I concur in the reasoning and the result, but in view of the position which I took in the recent case of Hickok v.Skinner, 113 Utah 1, 190 P.2d 514, I feel constrained to add a brief word of explanation.
In the Hickok case, plaintiff had stopped at a stop sign, and having seen only one car approaching from the east at a distance of 400 to 500 feet, had proceeded into the intersection without again looking to the east. The immediate eastbound traffic had all passed while Hickok was stopped.
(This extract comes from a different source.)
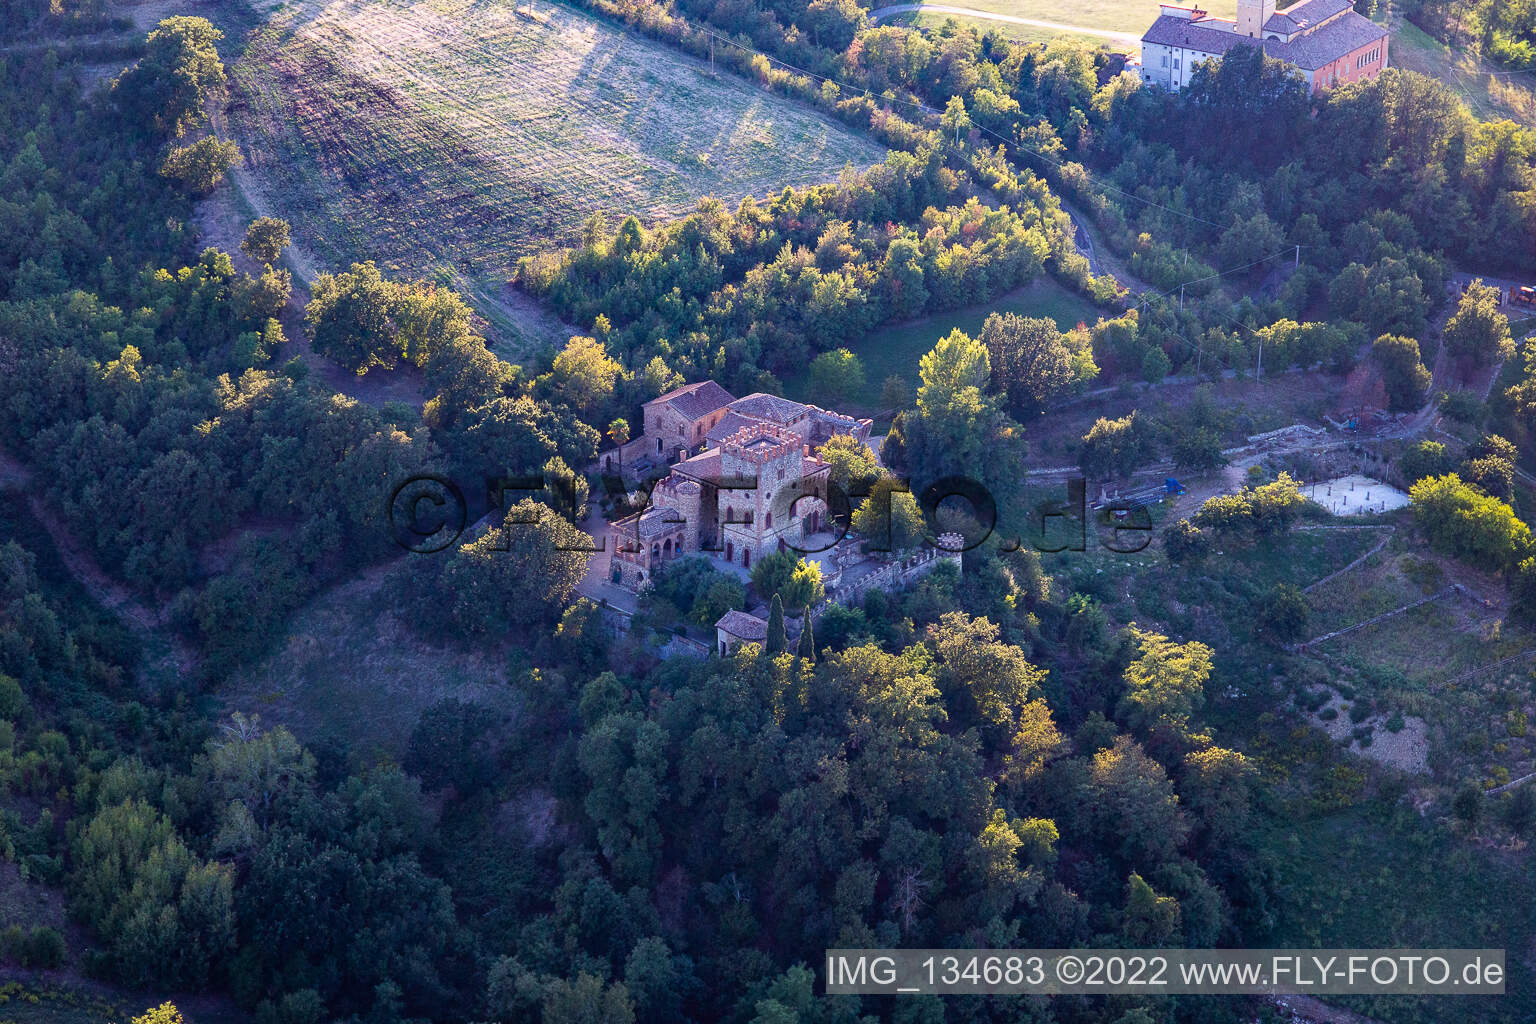 Luftbild von Castello della Torricella in Scandiano im Bundesland Reggio Emilia, Italien

The majority of this court held that plaintiff was guilty of contributory negligence as a matter of law in not having looked again to the east.
In this case, the question which confronts us is whether or not the defendant who was traveling on the through highway was guilty of negligence as a matter of law in *Page 284 failing to look again in the direction of plaintiff's automobile, after having observed it at or near the stop sign when he (defendant) was about a quarter of a block (165 feet) away. The question here is the converse of Hickok v. Skinner. Although the question here is somewhat different from that in the Hickokcase, I think the underlying fundamental principle is the same.
There are some factual details in this case which I think distinguish it from Hickok v. Skinner, and I do not regard my concurrence in this case as inconsistent with the views expressed in my dissenting opinion in the Hickok case. But even if no valid distinction can be made between the two cases, I must nevertheless concur, because Hickok v. Skinner is now the law of this state.